ARC-AGI Optimization Tutorial

Tutorial example using ARC-AGI style code tasks

This guide introduces ARC-AGI, why it is a strong fit for optimizer-driven prompt iteration, and where to find the full, runnable implementation in the SDK.

What is ARC-AGI?

ARC-AGI tasks are grid-based reasoning puzzles that test an agentโ€™s ability to infer transformation rules from a few examples. They are a natural fit for optimization because small prompt changes can dramatically improve generalization across tasks.

Why use optimizers here?

ARC-AGI evaluation is deterministic and repeatable, which makes it ideal for iterative optimization. HRPO is especially useful because it captures failure modes and proposes targeted fixes.

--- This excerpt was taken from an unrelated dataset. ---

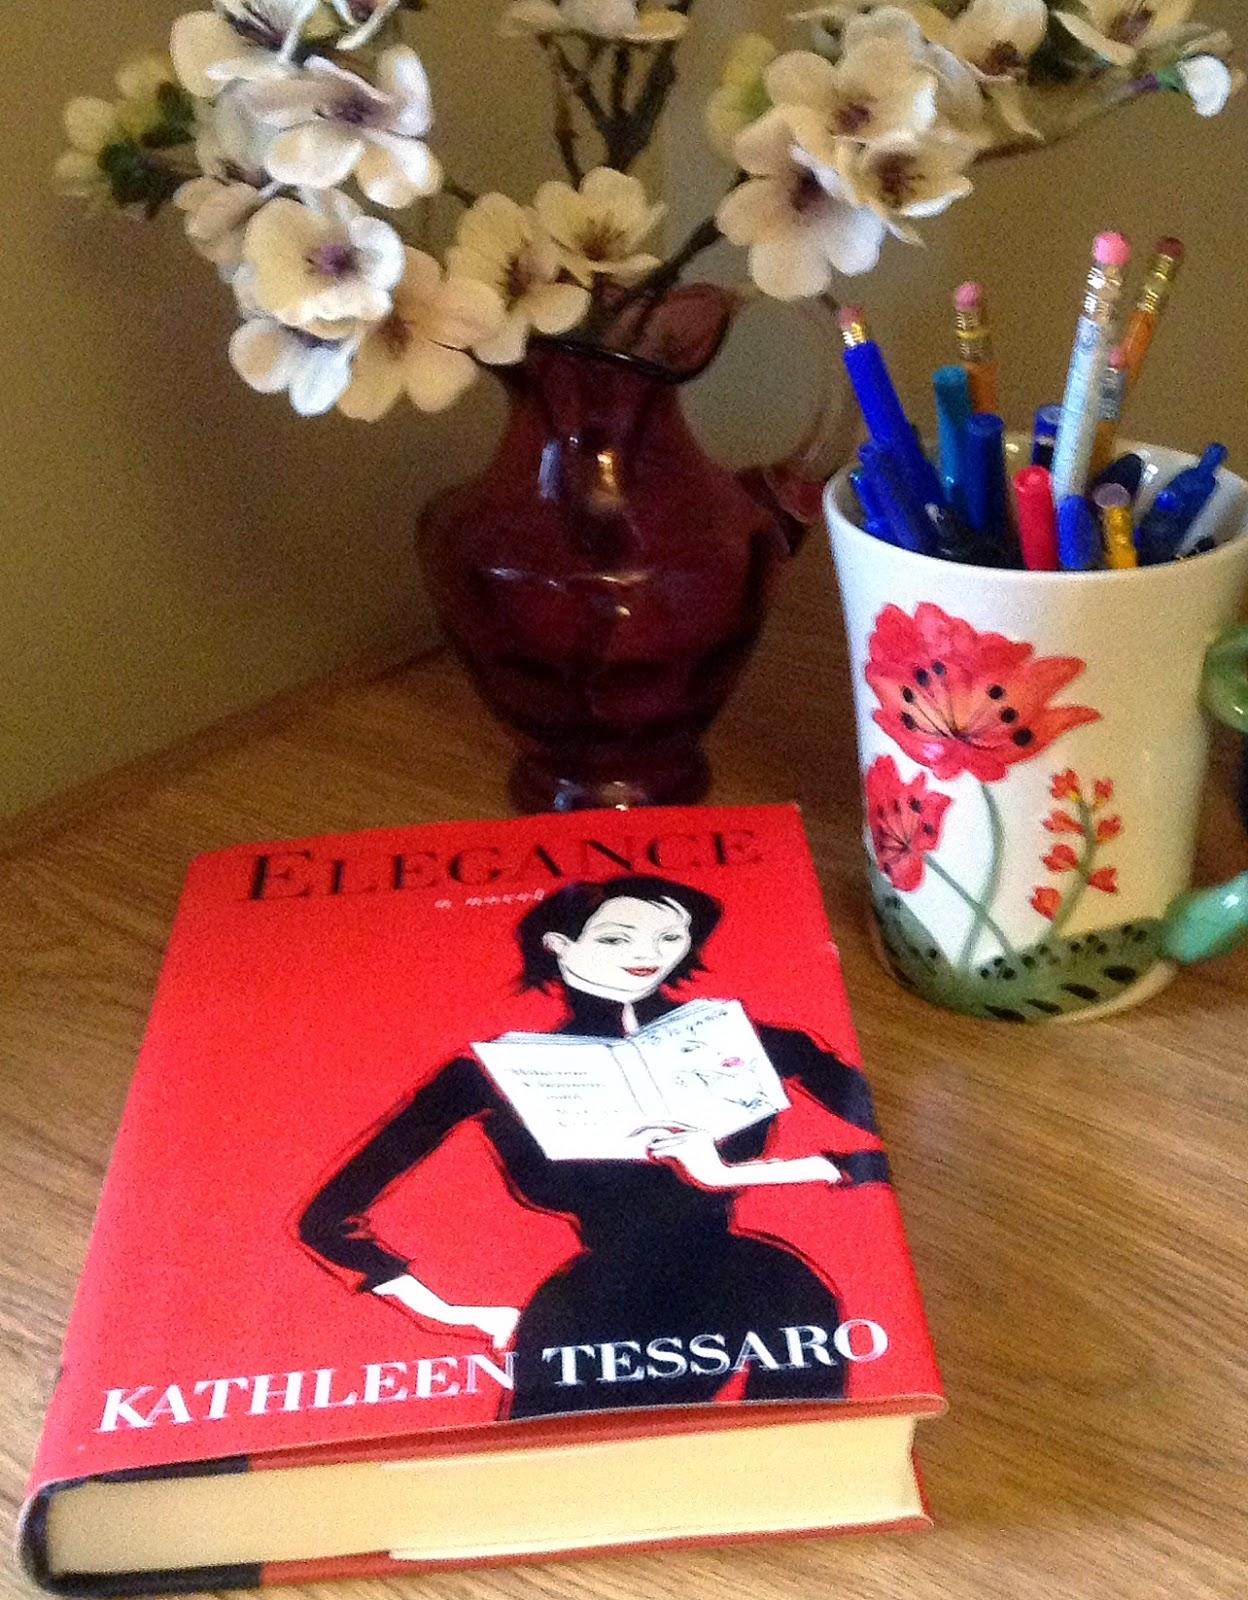 Kathleen Tessaro's book Elegance

How the SDK implementation works

The SDK ships a full ARC-AGI workflow you can run locally:

  1. Dataset loader: sdks/opik_optimizer/src/opik_optimizer/datasets/arc_agi2.py loads ARC-AGI-2 tasks and embeds optional grid images.
  2. Prompt templates: sdks/opik_optimizer/scripts/arc_agi/prompts/ contains system and HRPO prompt templates.
  3. Evaluator + metrics: sdks/opik_optimizer/scripts/arc_agi/utils/code_evaluator.py executes candidate solvers and scores ARC-AGI metrics via utils/metrics.py.
  4. Optimizer wiring: tasks_optimizer.py connects dataset, HRPO, metrics, and logging into a repeatable run.

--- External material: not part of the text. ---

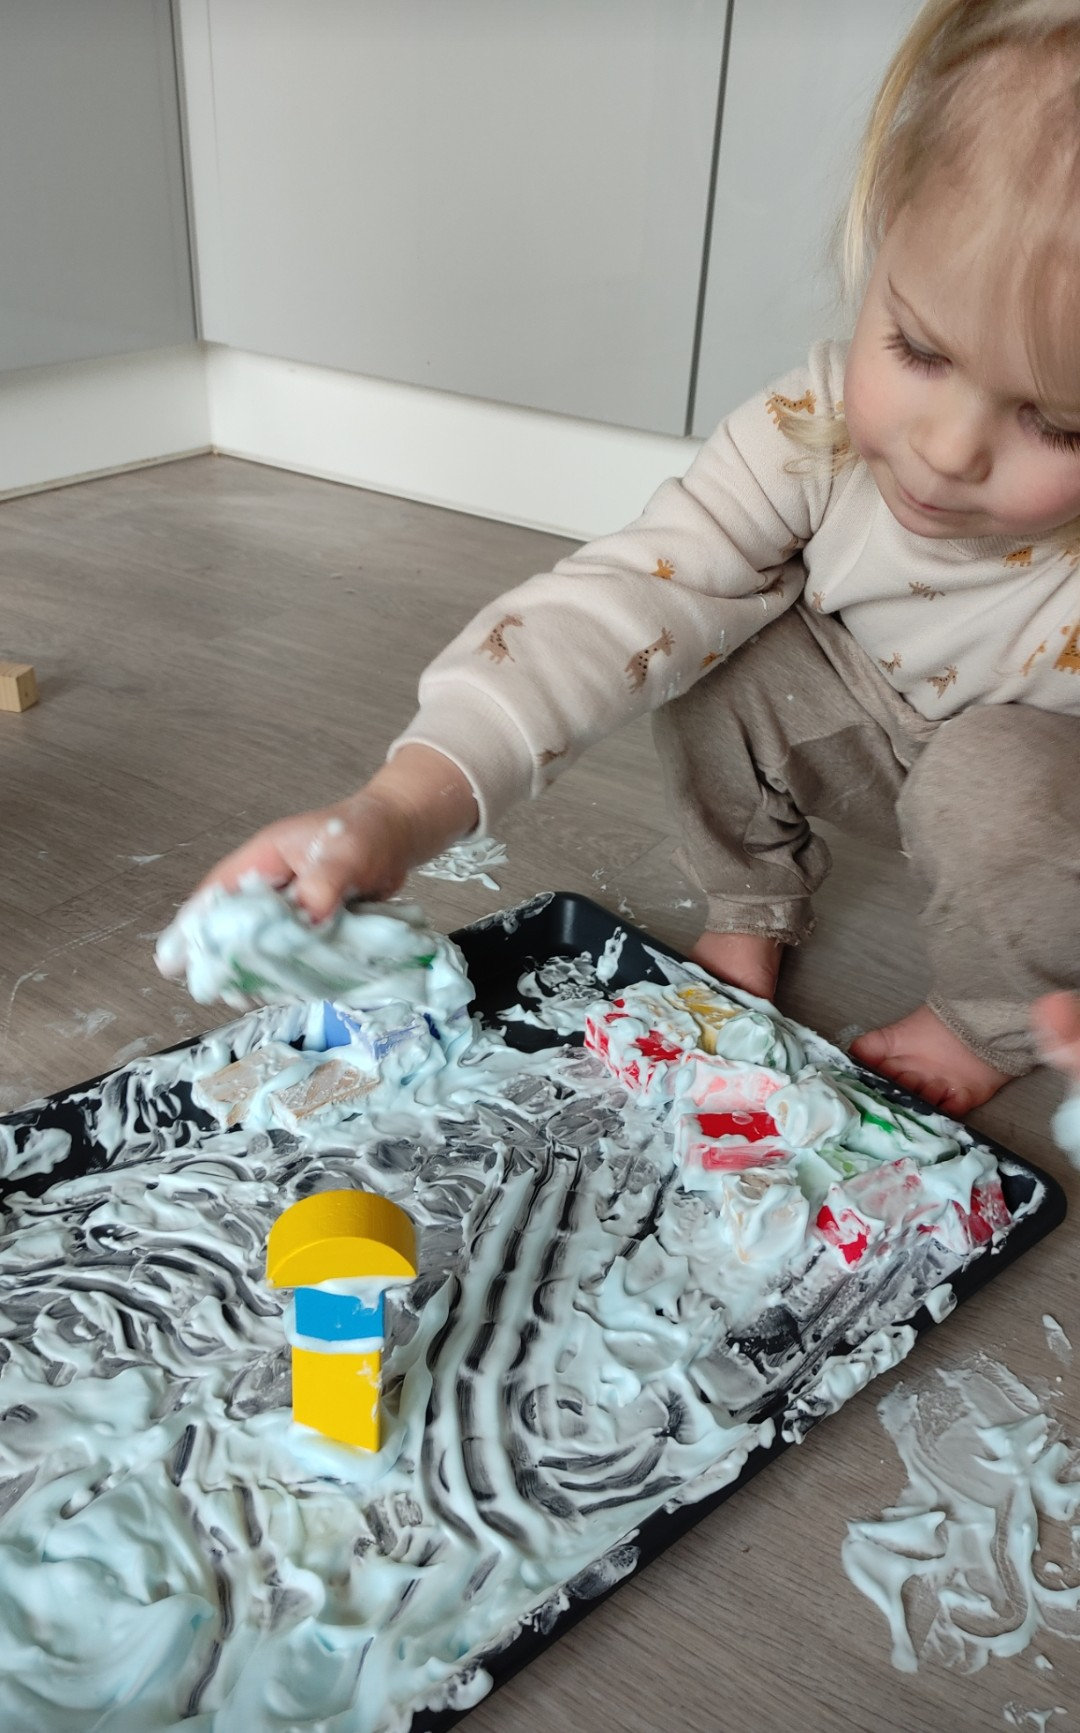 Toddler Messy Play

If you want to run the code as-is, start with the tasks_optimizer.py entry point and follow the CLI flags listed at the top of that file.

Next steps

  • Explore the ARC-AGI scripts in the repo and swap in your own datasets or prompt templates.
  • Review the run summaries under scripts/arc_agi/ to compare optimizer iterations.